SEO of a multilingual site without geo-referencing under Google
This article will focus on important elements when promoting a site translated into a large number of languages and not having a specific geographical location, that is, we are interested in organic traffic in any language from anywhere in the world.
My experience is based on promoting a site for expats and travelers from all over the world, whose content pages are formed from a database. A site with millions of pages generated from a content database.
Multilingualism and URL formation
In my example, the site had to be translated into 15 main languages, respectively, it was necessary to choose a URL construction scheme for each language.
There are four options for how this can be done:
1- Each language on a separate subdomain
Example: de.example.com, ru.example.com
Benefits - not identified.
Disadvantages - inconvenience of administration.
2- Each language on a separate domain (Example: example.de, example.ru)

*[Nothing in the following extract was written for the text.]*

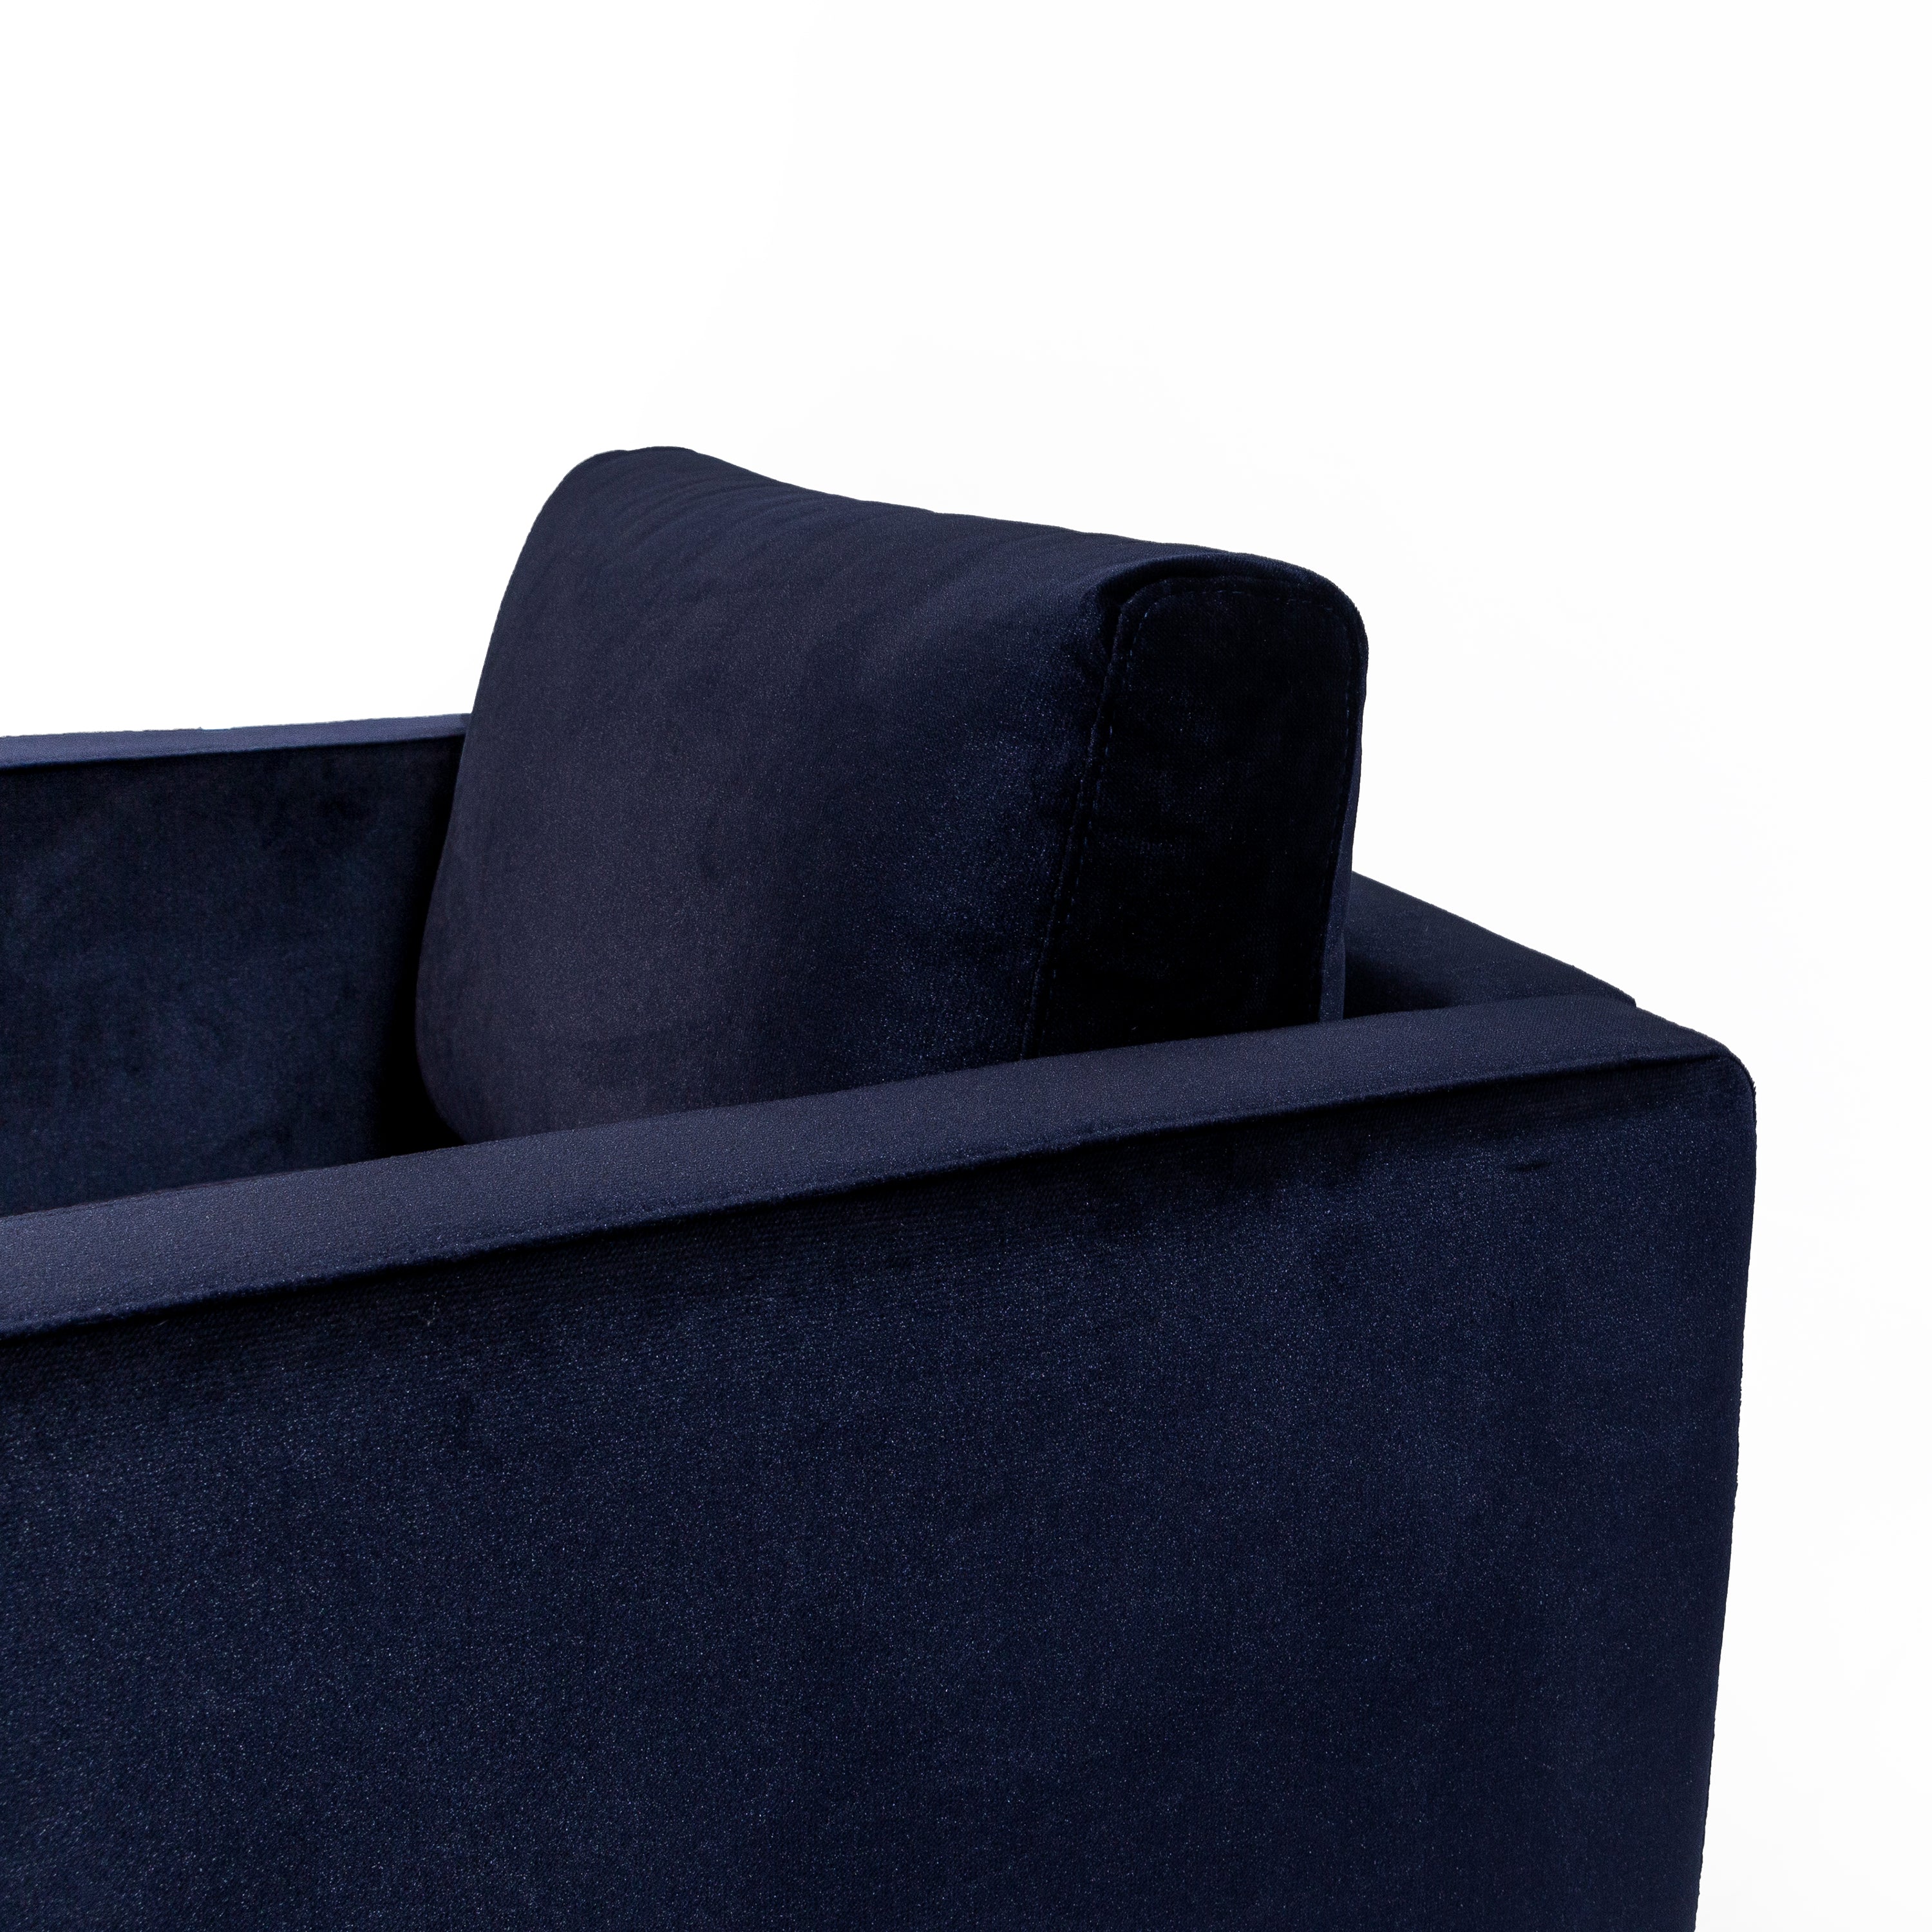 1 zits fauteuil stof Smooth Velvet S917 blauw Default Title

Advantages - higher CTR from searching at the expense of the domain zone that is “native” to the user (Example: German will click on the domain in the .de zone rather than on .com).
Disadvantages - difficulty in working with external links, extremely inconvenient administration.
3- For each language, its own parameters in the URL (Example: example.com?leng=de, example.com?leng=en)
Benefits - not identified.
Disadvantages - URLs with parameters are worse indexed and participate in the search.
4- Each language in a separate subdirectory (Example example.com/de/, example.com/en/)
Benefits - not identified.
Disadvantages - not identified.
Even despite the fact that the second option, unlike the others, has an advantage, I chose the fourth because of the ease of implementation and the absence of disadvantages.
Hreflang attribute - show Google in which language the page should be displayed
In working on the site, I encountered a problem. Google and Yandex now use the hreflang attribute to determine the language and country for which to display this version of the page.
users requesting Russian from Australia will be shown version example.com/ru-au
users requesting in Russian from the UK will be shown the example.com/ru-gb version
users requesting German from the UK will see example.com/de-au
users requesting German from the UK will be shown the example.com/de-gb version.
The problem with my site was that any language version of the page could be requested from any geographic location. For example, a Russian-speaking person may request a page from Russia, Australia, Germany and anywhere else in the world.
Therefore, I would have to write attribute paintings that take into account all combinations of languages and countries for each page.
The solution is to set the parameters of the hreflang attribute without specifying a geography, that is, we show Google only the language versions of the page, without reference to the region.
users requesting in Russian from anywhere in the world will see example.com/ru version
users requesting in German from anywhere in the world will see example.com/de
GeoShape - micro-marking of the geographical position of objects
As it turned out, hreflang only partially solved the problem. Since the site forms pages from the database (and its contents cannot be translated into different languages), the situation has turned out that I have millions of pages of duplicates for the main content, differing only in the title of the requested country in the title, and the rest of the content is often absolutely identical or slightly different. As an example, the analogues of Russian medicines in France, Italy and in the EU as a whole will be practically the same. It turns out that the pages of Italy and France that are different for users will be duplicates in the eyes of Google.
The challenge now was to show Google that pages with the same or similar content are for different countries. As we recall, hreflang cannot be used for this task, since it will either be hundreds of attribute lines, or pages with different languages will not be available from all countries.
Microdistribution came to my aid. Faced with a problem, I began to analyze sites like mine, and on booking.com I came across a GeoShape structured data tag. They use it to indicate the location of hotels.
After checking the validity of the code when using GeoShape in drug markup (the site is discussed in the article about drug analogues), I installed everything on the site.
Now Google sees the difference in geography between pages intended for different countries, but with similar content, and users can get their language version of the page from anywhere in the world.
Sitemap.xml - Improving Indexing
Everything is quite simple here, but there are also nuances.
We mark all URLs of the site with language versions in sitemap.xml using the hreflang attribute in accordance with Google’s recommendations .
It turns out that hreflang is duplicated both in pages and in sitemap.xml.
- When translated into many languages, the number of pages also increases in direct proportion, so it is worth remembering that the maximum number of links in one sitemap.xml file is 50,000, and the file itself should weigh no more than 10 MB.
- If there are a large number of pages, it is recommended to split sitemap files by language and site structure.